Envoyé par Philippe Hien 
Je ne veux pas vous ennuyer des extraits de mes lectures, mais voici un nouveau passage de Sur la Vie (A. Suares - 1928), qui m'étonne par sa clairvoyance :

"Pour vaincre, il faut être un peu vil entre ceux qui sont forts. Vil, pour la nature, c'est ne pas être rare. Avoir peu de prix, pour être fort. Comme la nature, quand une espèce doit vaincre, il faut être prodigue de matière. Les peuples nés pour ce destin font plus de fils que les autres. La matière vivante est la moins précieuse de toutes, hormis lorsque le coeur la pèse.

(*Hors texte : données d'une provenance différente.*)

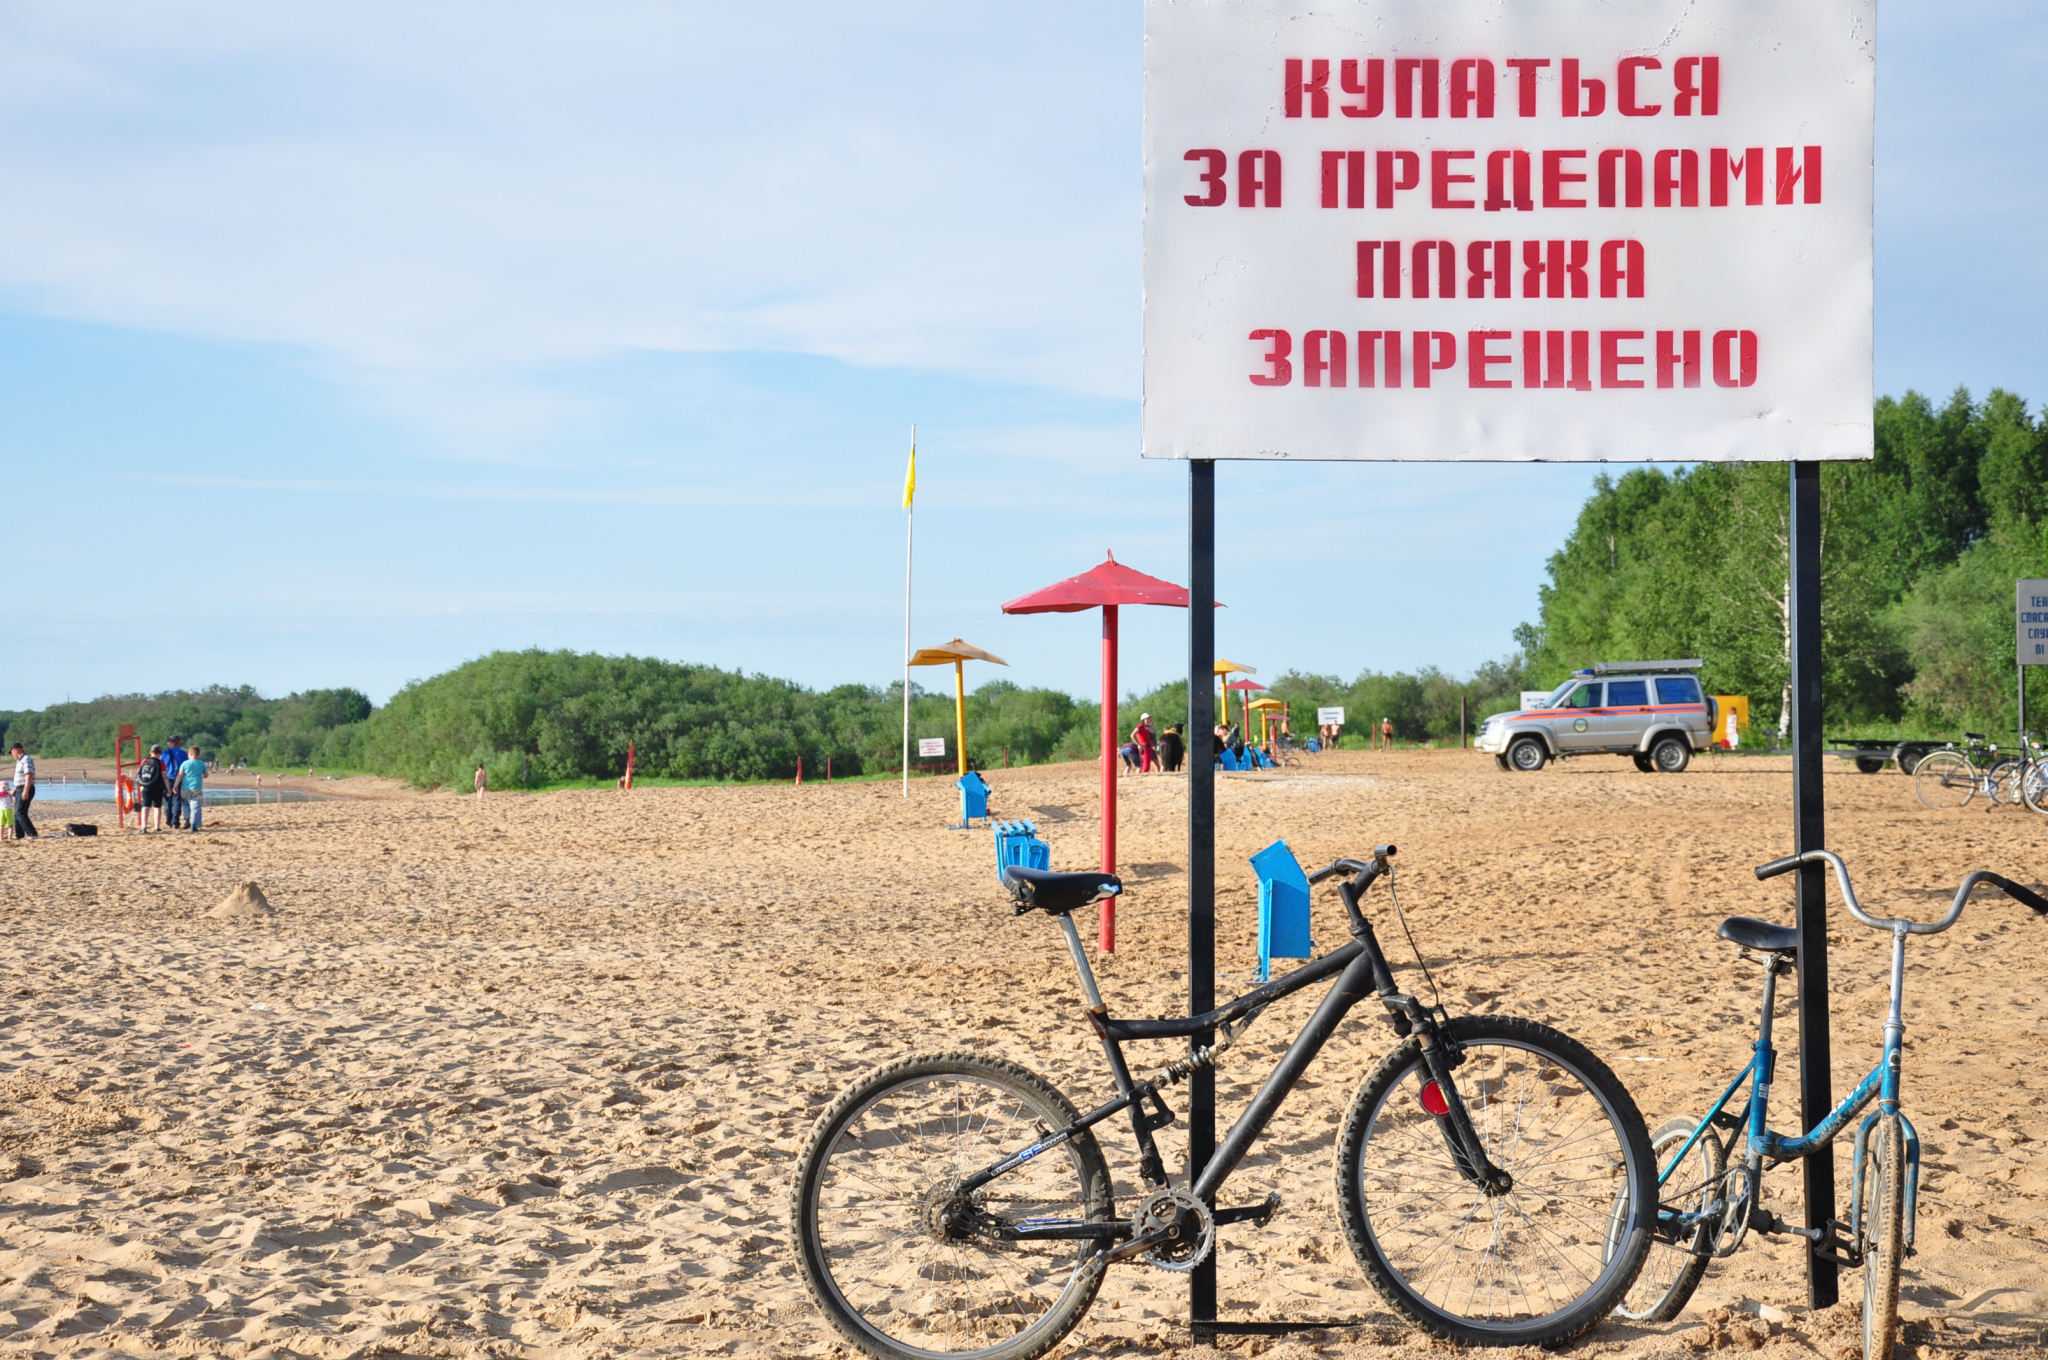 Где искупаться в Рязанской области: список пляжей и мест отдыха

Les Barbares aiment peut-être leurs enfants comme nous ; mais ils n'y mettent pas la même passion. Chacun se préfère, d'abord, à tous les autres, et de si loin qu'il ne place pas dans ce qu'il aime le plus un intérêt supérieur à la vie ; car ce qu'il aime le plus ne vient tout de même qu'après lui. De la sorte, les fils peuvent quitter les mères, et les pères se séarer de leurs filles. La première invasion du peuple fort dans le beau royaume qu'ils désirent, est un flot pacifique de bonnes gens, qui viennent gagne leur vie. Ils vont d'abord servir le peuple dont leurs fils feront la conquête. Ils sont vils : c'est ne pas être fier, ni libre, ni de grand fait, ni de grande âme. Mais ils ont grand appétit, durs à la besogne, toujours prompts à gagner, esclaves de l'action. Une matière de peu, que la race prodigue, et dont la masse seule fait le prix."

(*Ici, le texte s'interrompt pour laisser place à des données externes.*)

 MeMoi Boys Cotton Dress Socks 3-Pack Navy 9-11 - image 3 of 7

Beau texte, merci encore une fois. On peut le rapprocher de cet extrait des mémoires d'Amien Marcellin qu'Henri Bès nous avait fait découvrir naguère et qui a été englouti avec les archives de l'ancien forum :

« [en 376] toute la race des Goths-Tervinges se montra donc, sous la conduite d'Alavive, sur la rive gauche du Danube, et de là envoya une députation à Valens, sollicitant humblement son admission sur l'autre bord, avec promesse d'y vivre paisiblement, et de lui servir au besoin d'auxiliaire. Déjà la renommée avait fait pénétrer à l'intérieur cette effrayante nouvelle, que des convulsions insolites se manifestaient chez les peuples du Nord(…). Le bruit (…) reçut bientôt une pleine confirmation par l'arrivée de l'ambassade barbare, qui venait avec instance implorer (…) leur admission en deçà du fleuve. La première impression de cette ouverture fut plutôt de satisfaction que d'alarme. Les courtisans employèrent toutes les formes d'adulation pour exalter le bonheur du prince, à qui la fortune amenait à l'improviste des recrues des extrémités de la terre.

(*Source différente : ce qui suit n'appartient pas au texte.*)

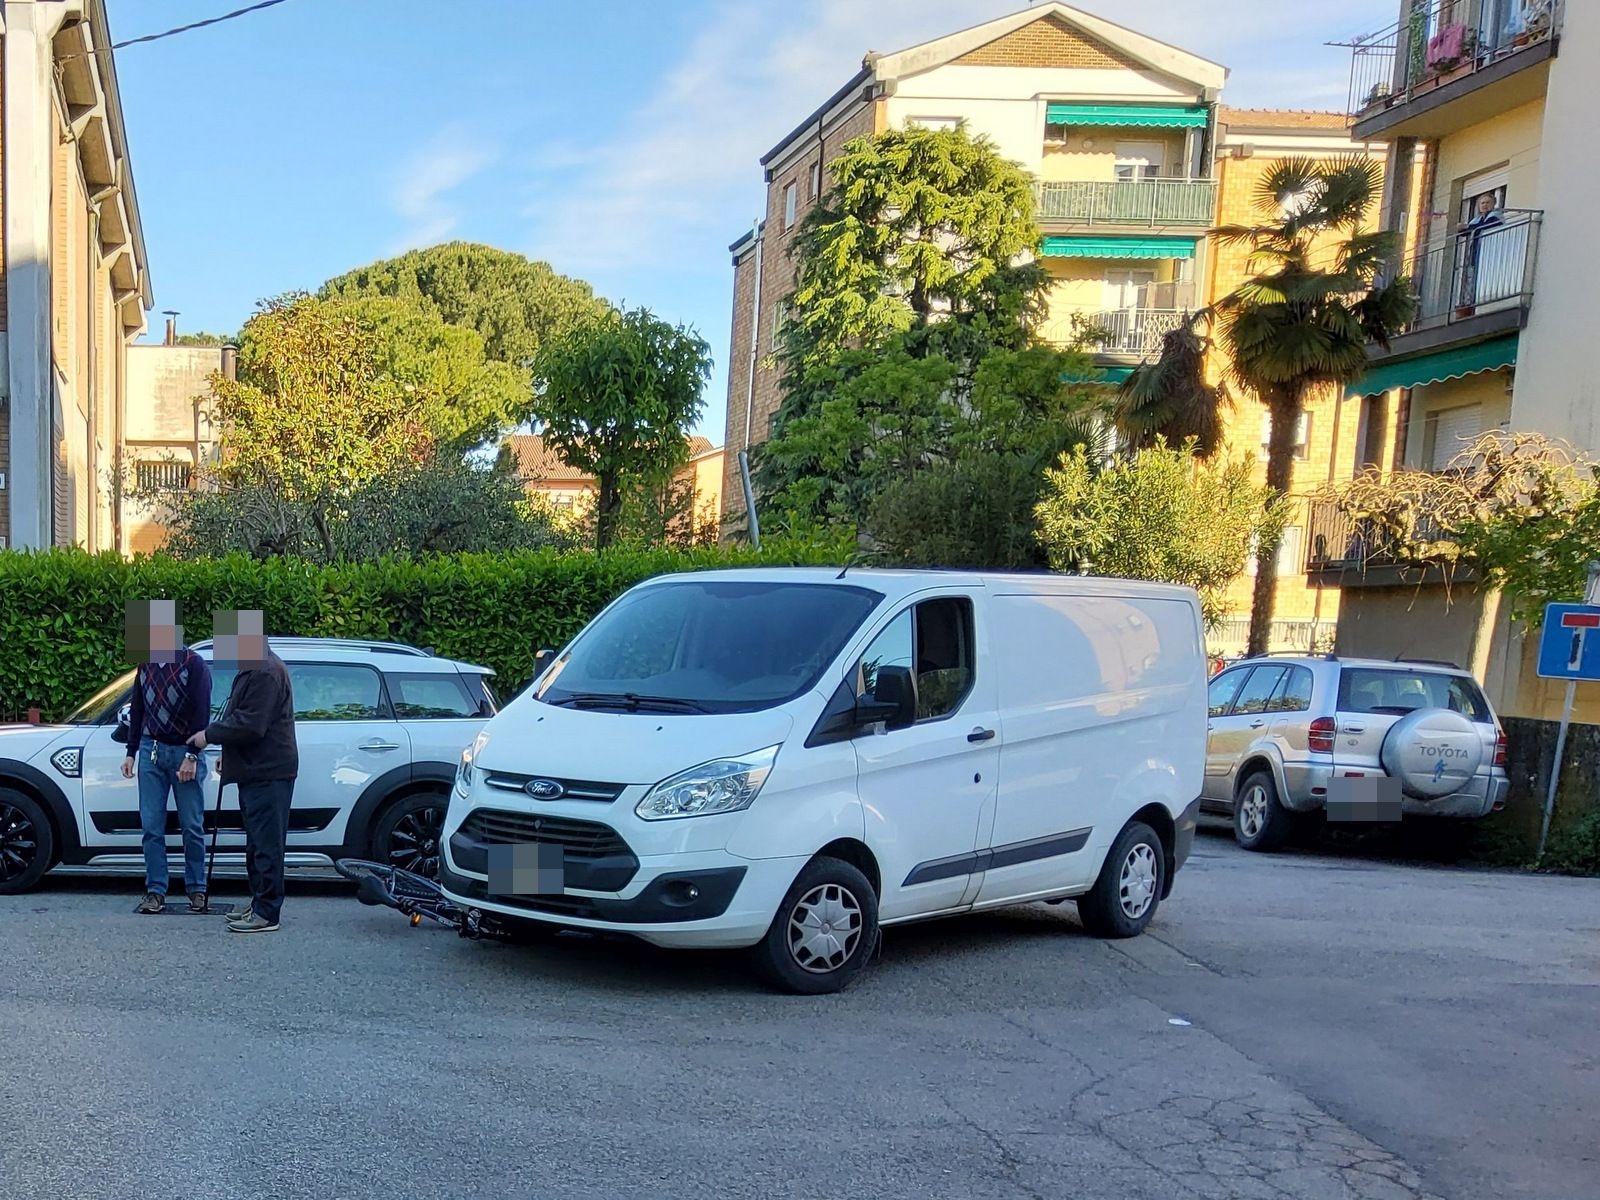 Incidente a Faenza: bambino di 10 anni investito in bici da un furgone

L'incorporation de ces étrangers dans notre armée allait la rendre invincible ; et, converti en argent, le tribut que les provinces devaient en soldats viendrait accroître indéfiniment les ressources du trésor. On dépêche donc sans délai de nombreux agents, chargés de procurer des moyens de transport à tous ces hôtes redoutables. On veilla soigneusement à ce qu'aucun des destructeurs futurs de l'empire, fût-il atteint de maladie mortelle, ne restât sur l'autre bord. Jour et nuit, en vertu de la permission impériale, les Goths, entassés sur des barques, des radeaux et des troncs d'arbres creusés, étaient transportés au-delà du Danube, pour prendre possession d'un territoire en Thrace. Mais la presse était si grande, que plus d'un fut englouti par les vagues, et se noya en essayant de passer à la nage ce fleuve dangereux (…).
Et tout cet empressement, tout ce labeur, pour aboutir à la ruine du monde romain! Il est constant que les officiers chargés de cette fatale mission tentèrent, à plusieurs reprises, le recensement de la masse d'individus dont ils opéraient le passage, et que finalement ils durent y renoncer. (…)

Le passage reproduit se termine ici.